━━━ Input material ━━━

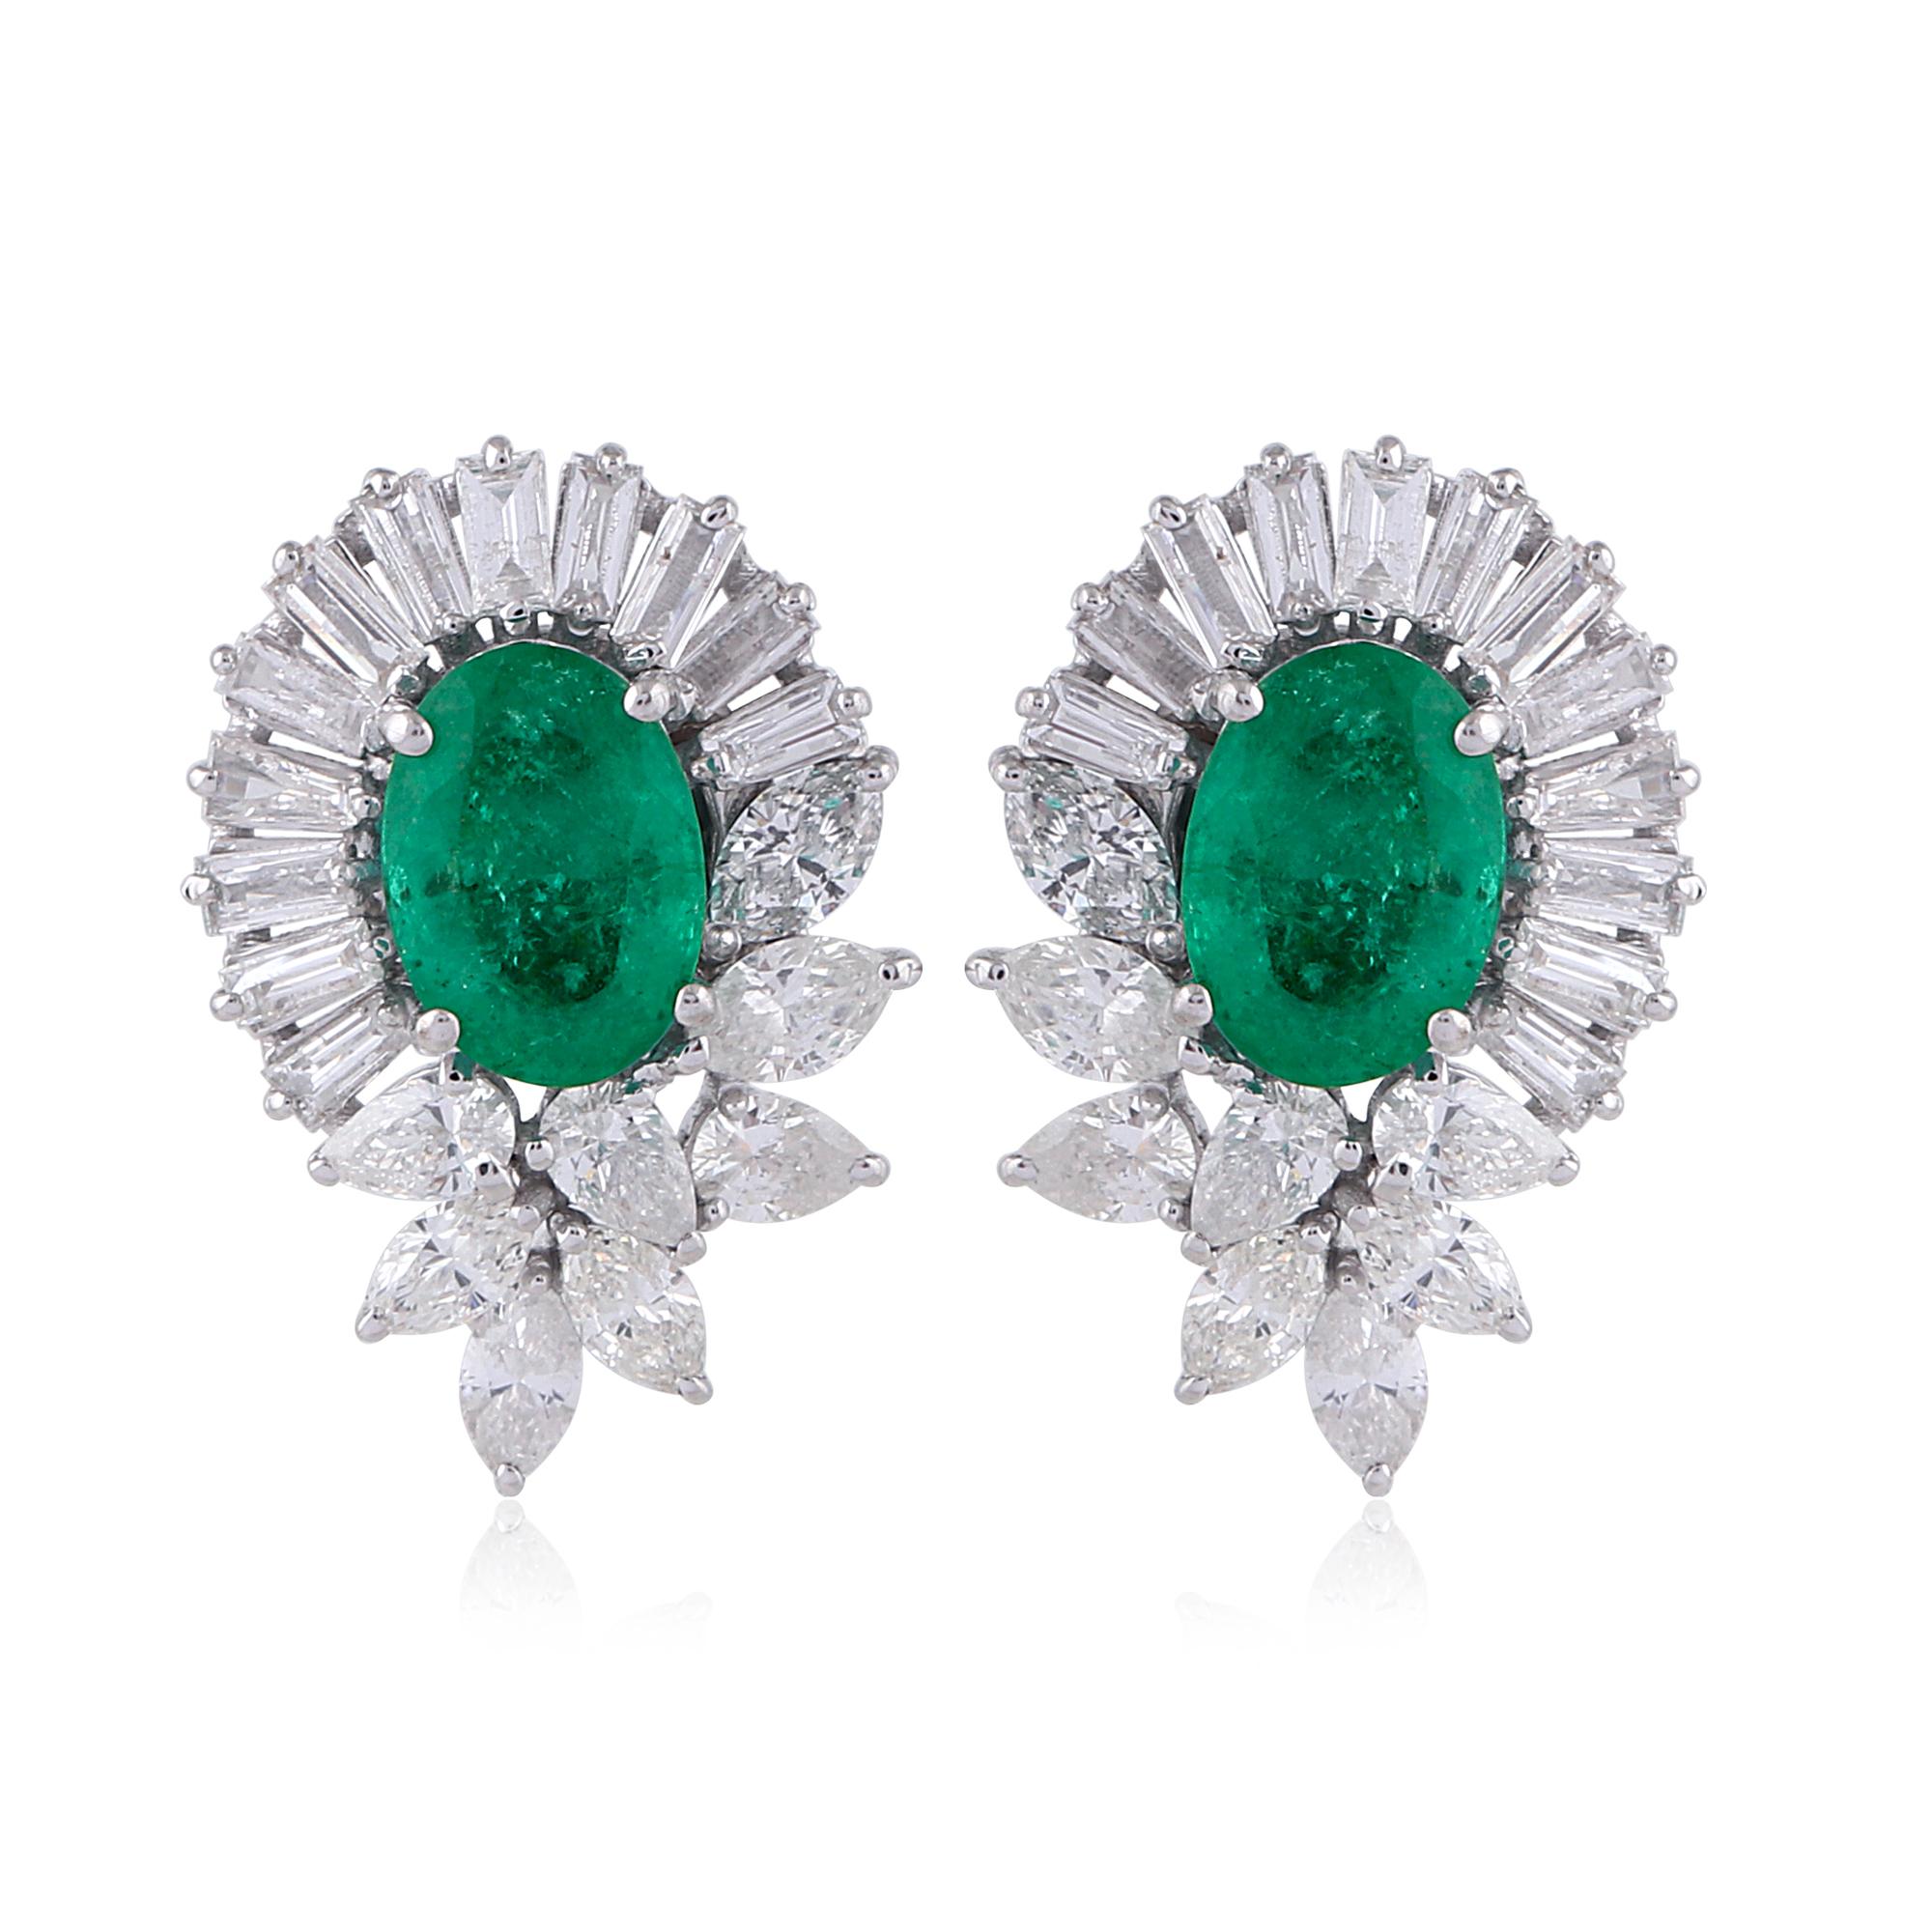 Item Code :- SEE-1016
Gross Wet :- 4.39 gm
18k Gold Wet :- 3.80 gm
Diamond Wet :- 1.50 ct ( SI Clarity & HI Color )
Emerald Wet :- 1.44 ct 
Earrings Size :- 17.44x11.70 mm approx.
✦ Sizing
.....................
We can adjust most items to fit your
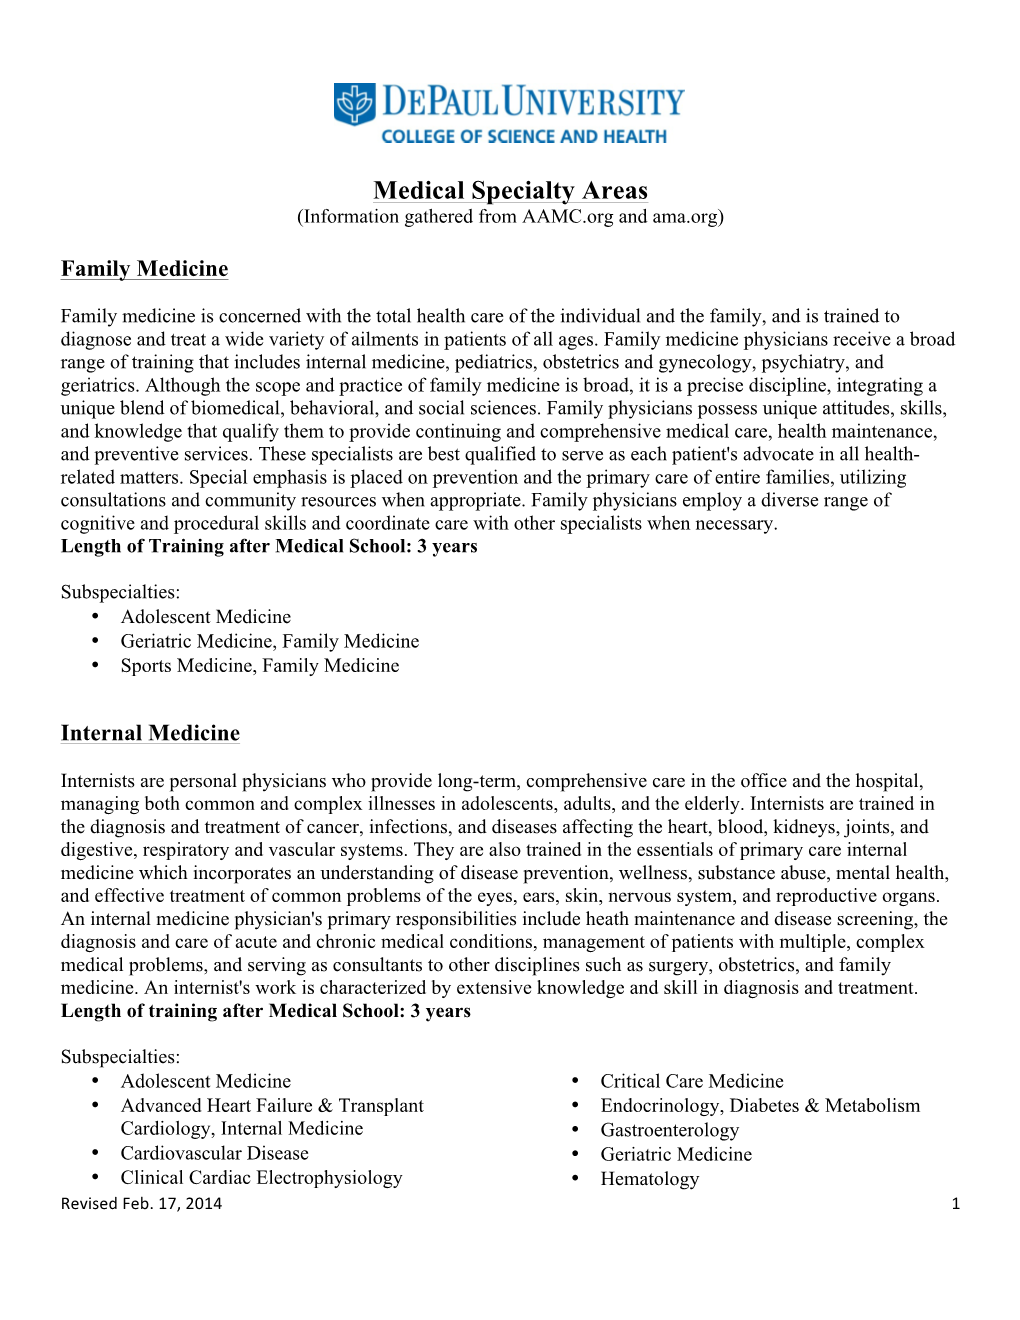 Medical Specialty Areas (Information Gathered from AAMC.Org and Ama.Org)
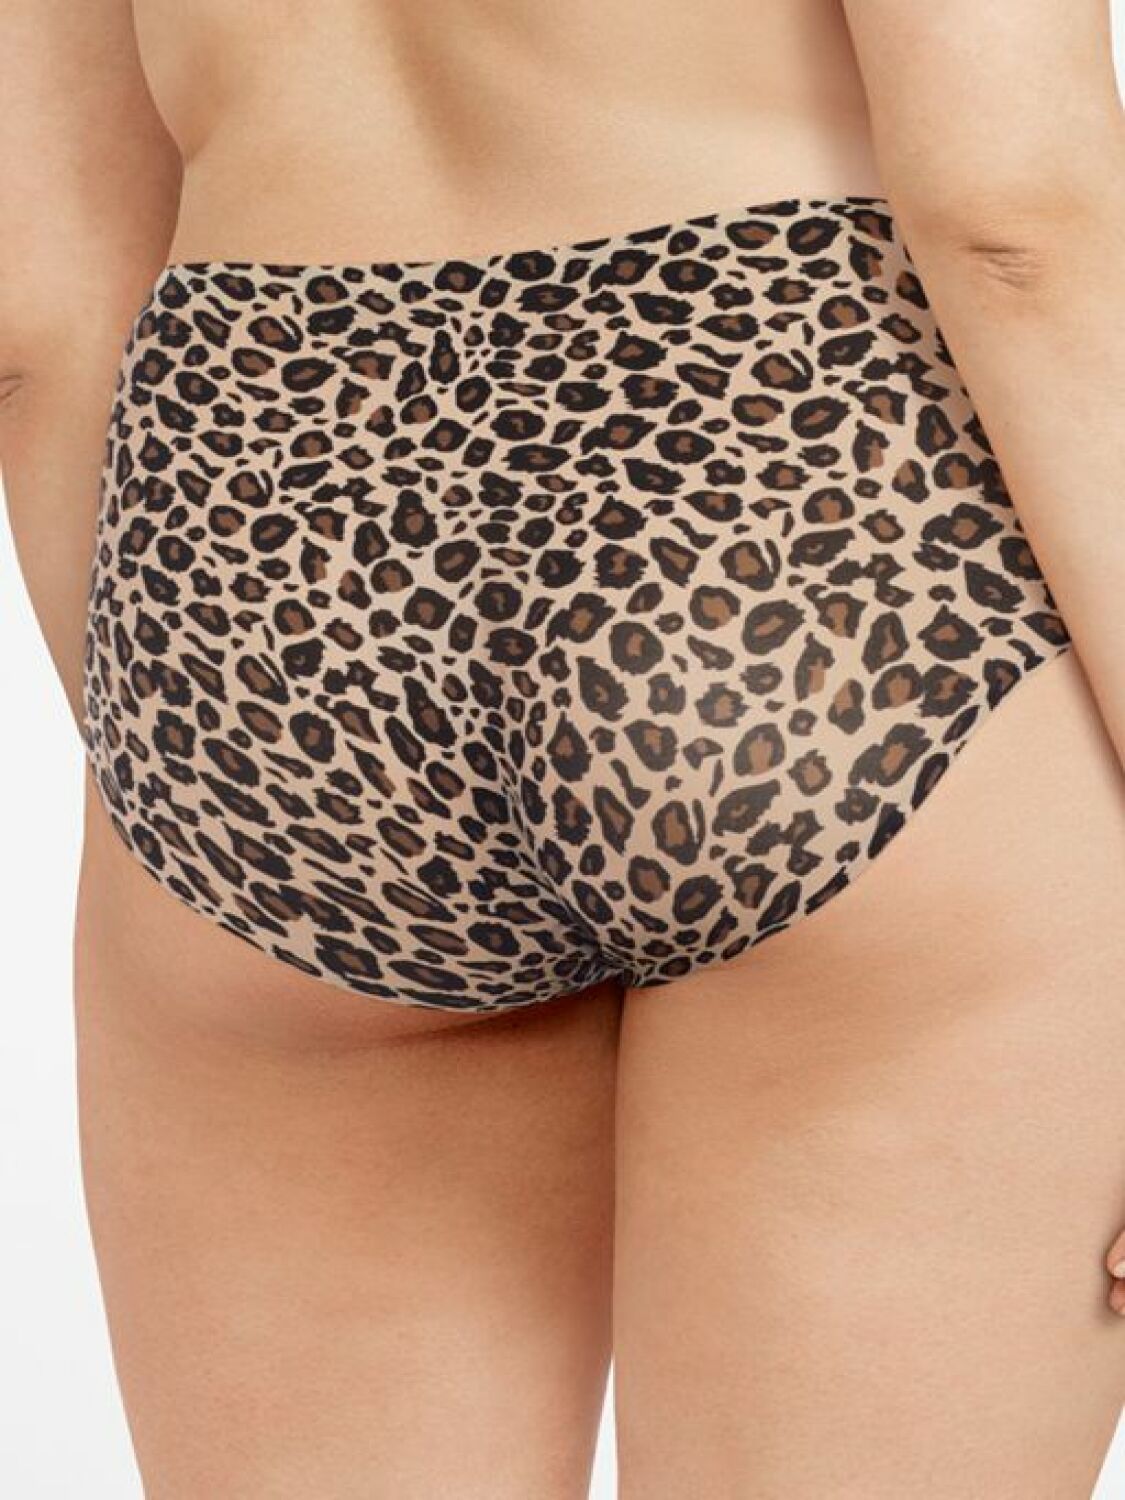 Chantelle Taillenslip ONE SIZE SoftStretch Farbe Animal Print
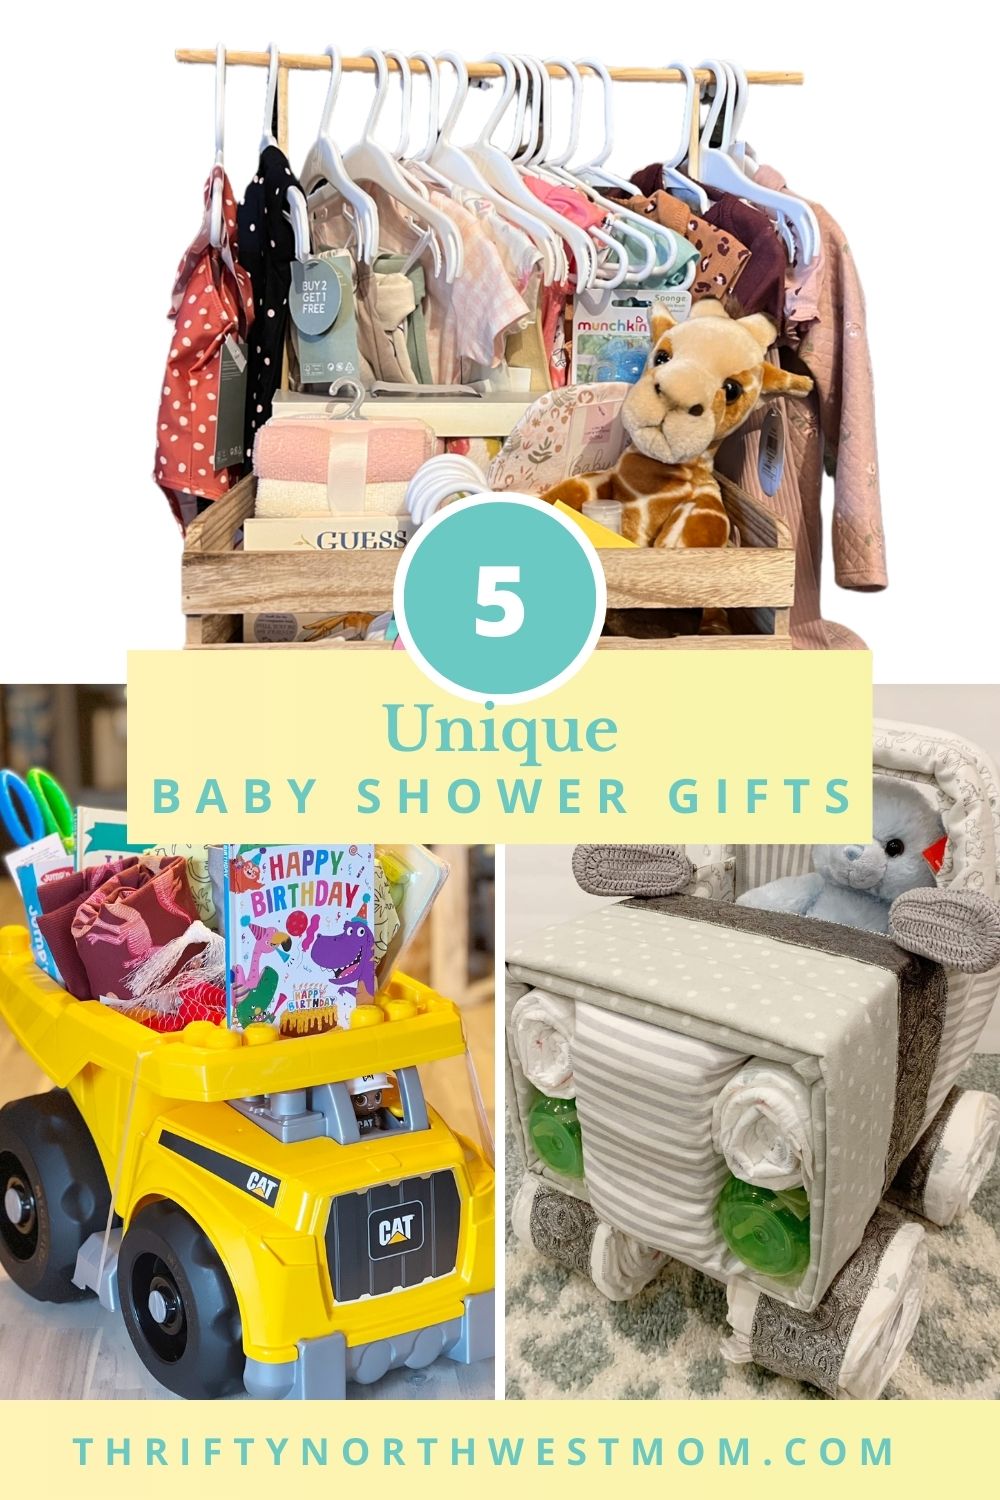 How to Buy Unique Baby Shower Gifts?

━━━

**Problem requirements:**
Copy the listing in full and without alteration, omitting every picture.

**Expected answer:**
 Item Code :- SEE-1016
Gross Wet :- 4.39 gm
18k Gold Wet :- 3.80 gm
Diamond Wet :- 1.50 ct ( SI Clarity & HI Color )
Emerald Wet :- 1.44 ct 
Earrings Size :- 17.44x11.70 mm approx.
✦ Sizing
.....................
We can adjust most items to fit your
 Medical Specialty Areas (Information Gathered from AAMC.Org and Ama.Org)
 Chantelle Taillenslip ONE SIZE SoftStretch Farbe Animal Print
 How to Buy Unique Baby Shower Gifts?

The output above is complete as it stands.